FSD Internships in Uganda
Uganda is one of the poorest nations in the world, with nearly 35% of the pop. living below the poverty line. This translates to a lack of basic infrastructure such as running water, electricity, waste management, health care, and education. FSD works with more than 30 community-based organizations in the Jinja and Masaka districts to support sustainable development and make a lasting impact.
Five reasons to intern with us!
Reviews
Alumni Interviews
Meet Nick Bartolotta, FSD alum
GO: What originally inspired you to intern in Uganda with FSD?
Nick: I was approaching my final semester in university and knew the summer would be my last three month period where I would have complete freedom before a career, house, or family might prevent me from spending so many weeks abroad. So I knew I wanted to travel overseas. I also had a keen interest in visiting sub-Saharan Africa, as I had never ventured near there. At the same time, I wanted to continue to supplement my resume with an internship or some form of volunteer work, rather than just traveling around for the summer. I came across FSD and after reading their philosophy on development, I was sold! Uganda and Kenya are both countries FSD has programs in which are in sub-Saharan Africa, and I chose Uganda because it seemed more obscure and untapped to me.
GO: Describe your day to day activities as an intern in Uganda.

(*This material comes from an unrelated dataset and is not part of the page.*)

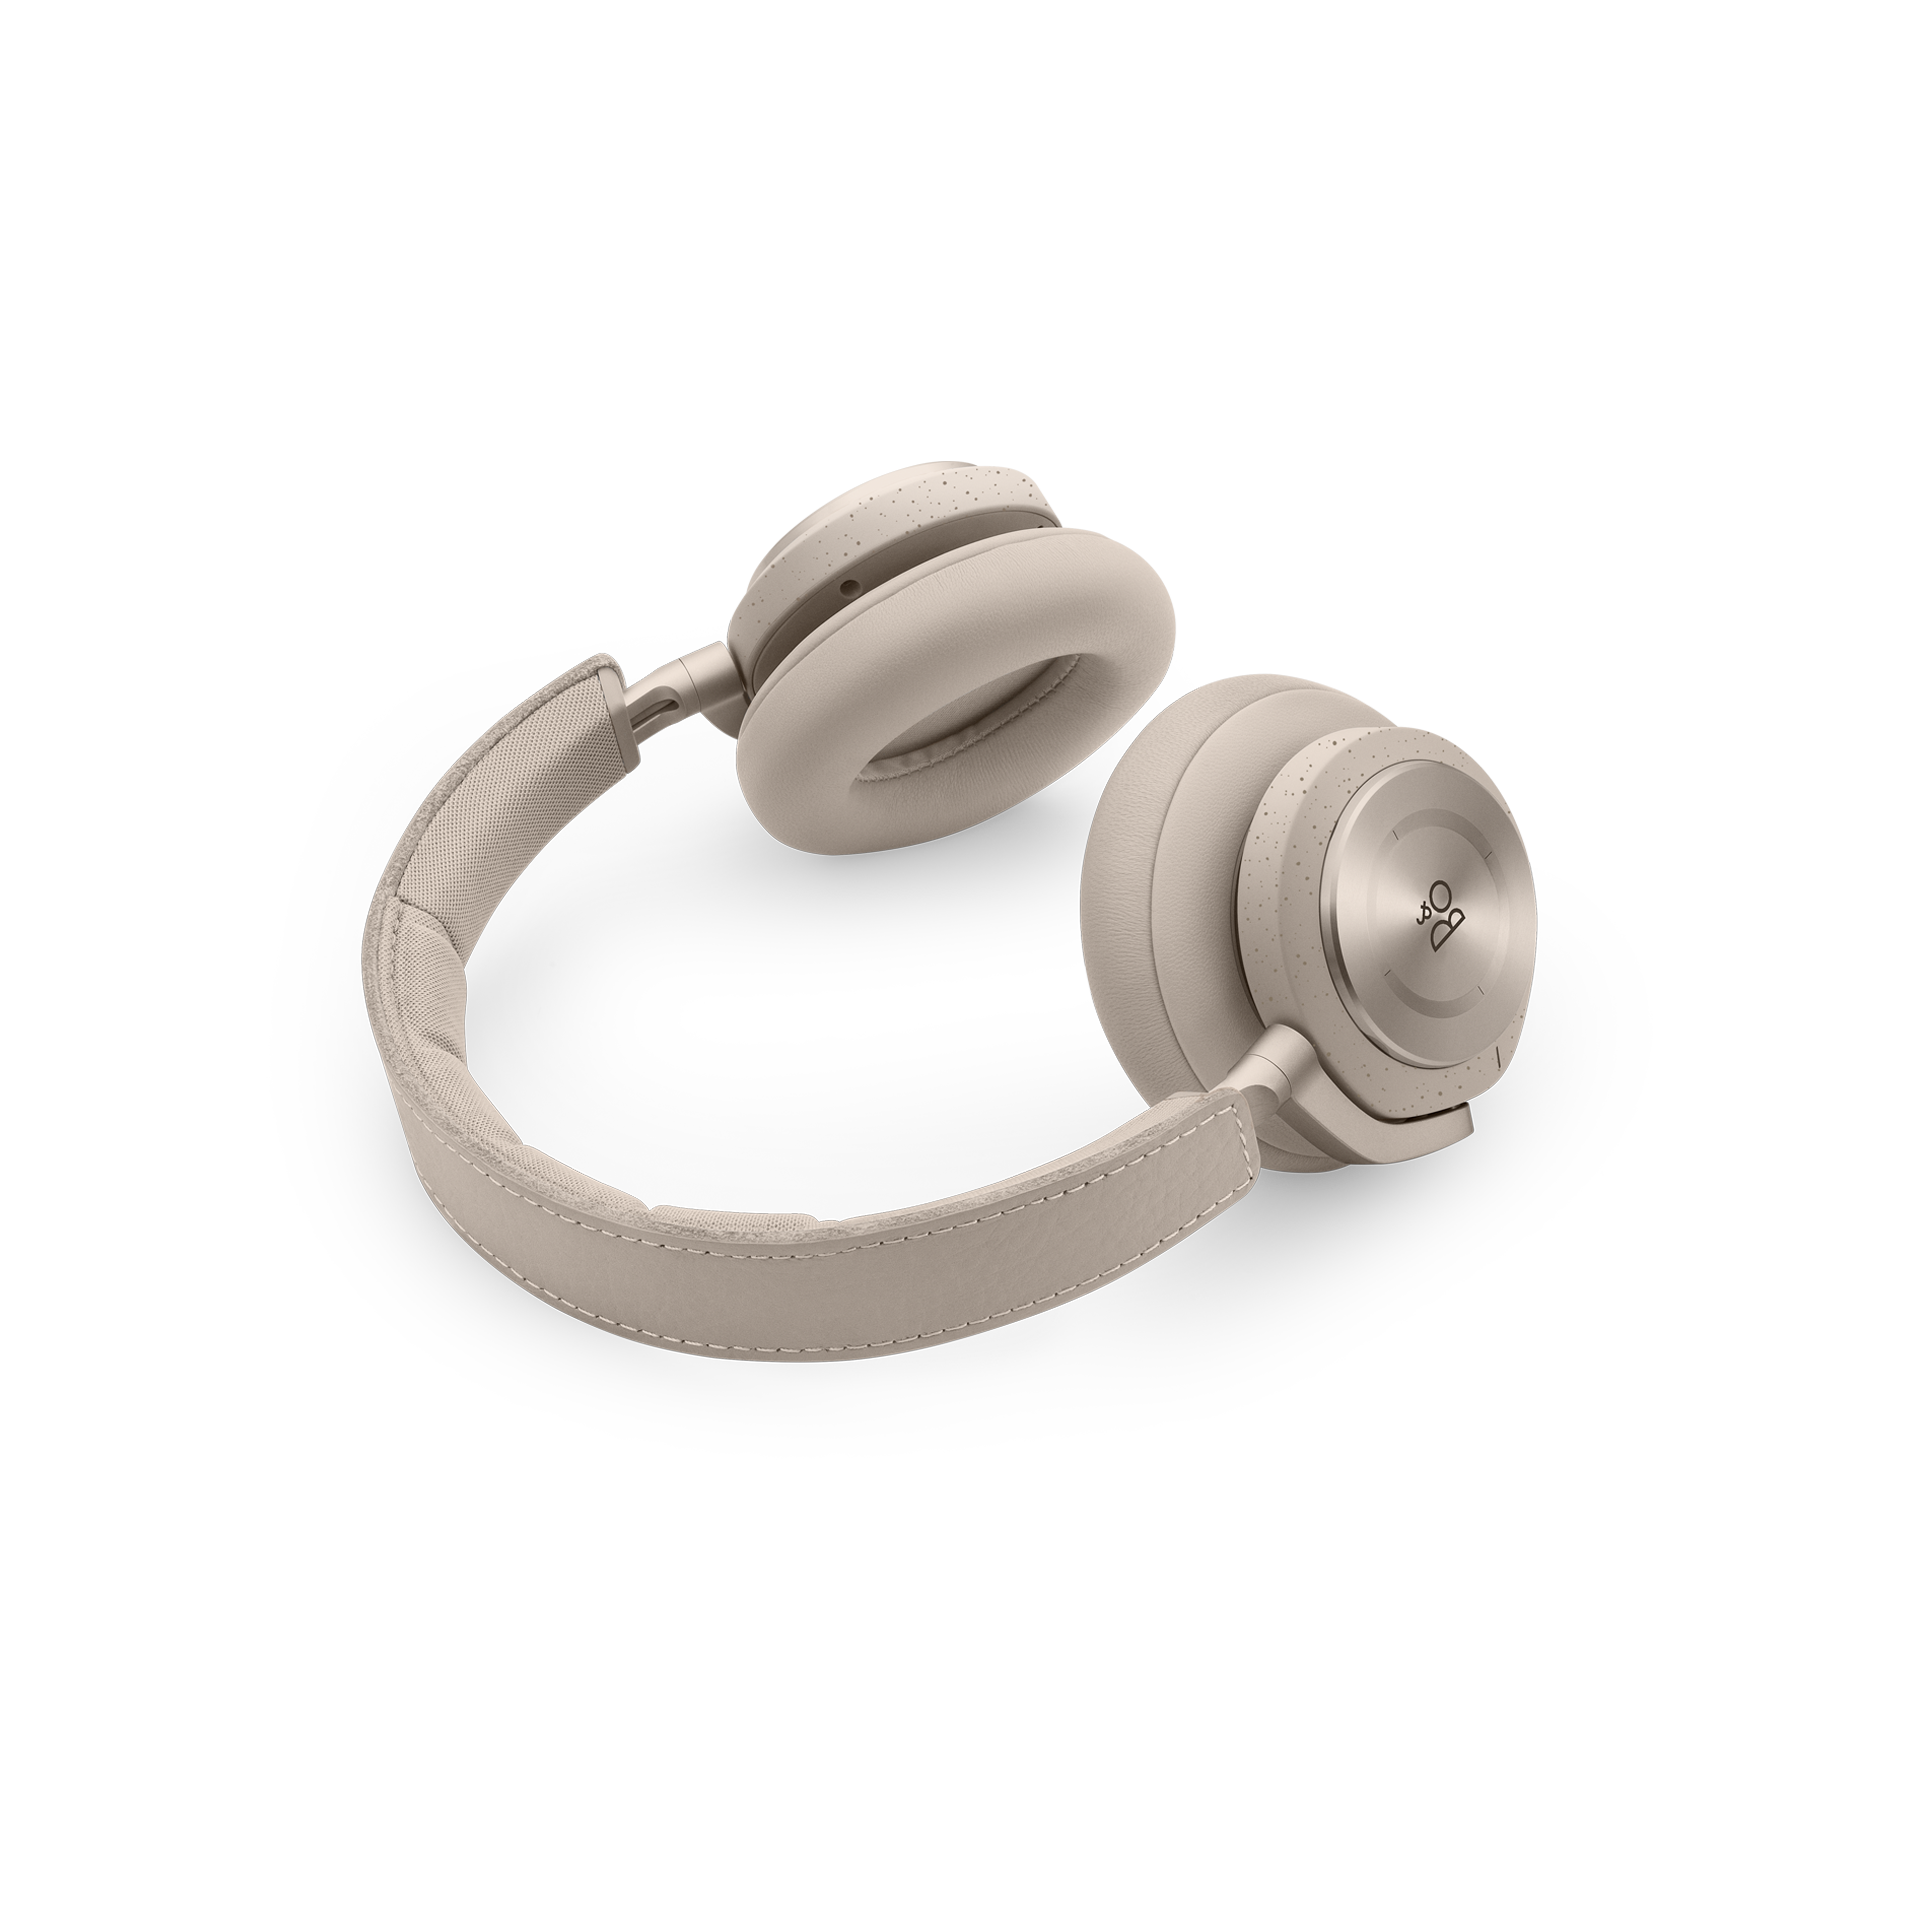 d3ecace2251 Beoplay H9i Pine - Over-ear Headphones   B&O

Nick: Every day in Uganda was so very different, it's hard to describe anything close to a typical day - but that is what made it so special! I was usually able to ditch the alarm on my phone because the hens and roosters would wake me up just after sunrise. I would get ready for work and spend time with my family while eating breakfast as they prepared for the day as well. At work, I was usually one of the first to arrive and got started on whatever project was on the front-burner while also preparing for any community visits we had scheduled that day. Returning home in the early evening I would spend time chatting with my family, playing with my nephews, and watching the local news or TV soaps like The Hostel, Don't Mess With An Angel, or Marimar...all of which had me completely hooked! Nearly half the time our power was out either due to equipment failure or load shedding, so on those nights (which I actually enjoyed more without the distractions of TV) we spent a lot more time together just talking. After dinner at 10pm I turned out the lights and went to bed.

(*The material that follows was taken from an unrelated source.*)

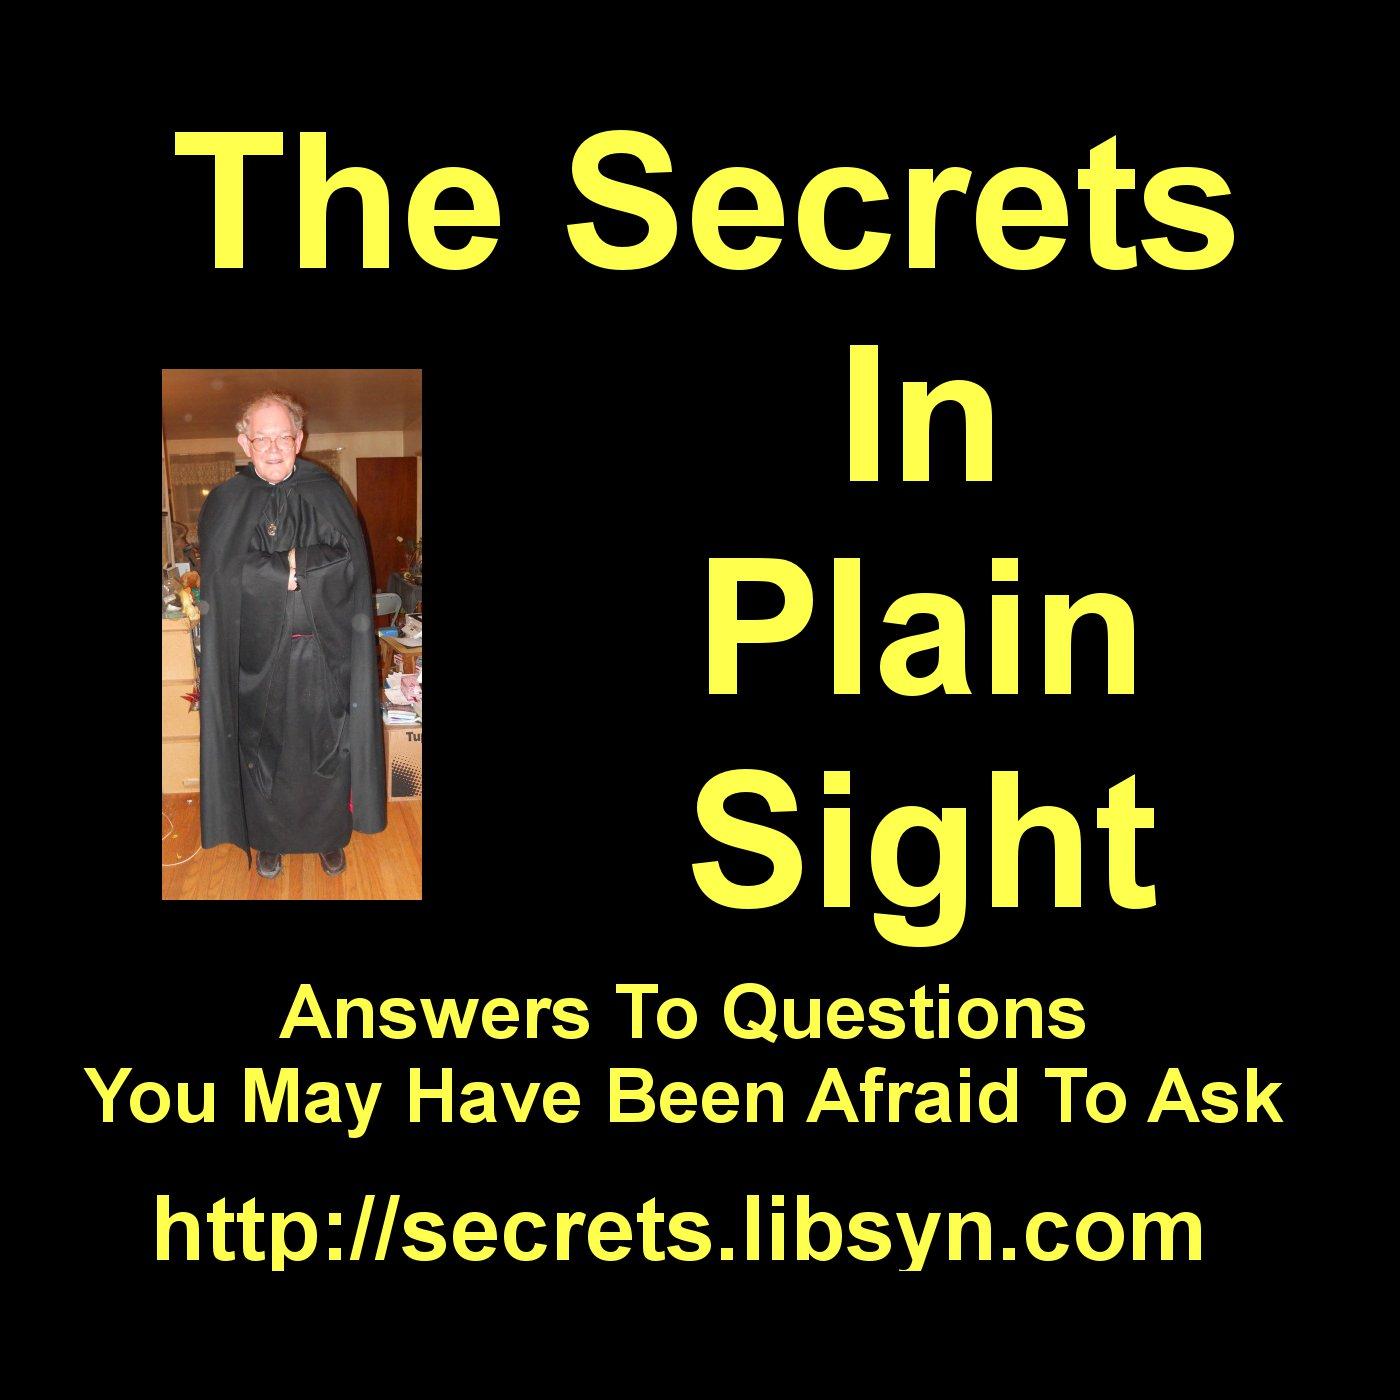 The Secrets In Plain Sight!

GO: How has this experience impacted your future personally, professionally, and academically?
Nick: Personally, this has been a life changing experience. It's difficult to describe just how profoundly this kind of experience changes you and adds to your perspective, so I won't even try to encapsulate it here. All I can say is: if you can thrive in opportunities outside your comfort zone, go try this for yourself!
Professionally this has been an excellent asset to my resume. In job interviews, I can see the downright shocked impression on interviewers faces as I describe some of my experiences overseas. No matter what your career, an internship at FSD can help boost your credentials and show that you can succeed in an environment with so many hardships (whether they be language barriers, differing cultural norms, a completely new group of people you are surrounded by). What I find most interviewers or professional friends remarking is: "Wow, this is so impressive...I could never have done that!" Yes, they can and so can you. The first day overseas is the hardest part but once you make it through that, this experience will add so much value to your life both personally and professionally.
Further Info
About FSD
Founded in 1995, Foundation for Sustainable Development (FSD) works closely with small NGO's in project locations around the world to enhance the capacity of local communities, and address environmental conservation, healthcare, social and economic issues, and a variety of other issues. FSD operates in a collaborative manner with local communities by engaging in capacity building, grant writing, and international development programs. Visit the FSD website to learn more about how you can get involved.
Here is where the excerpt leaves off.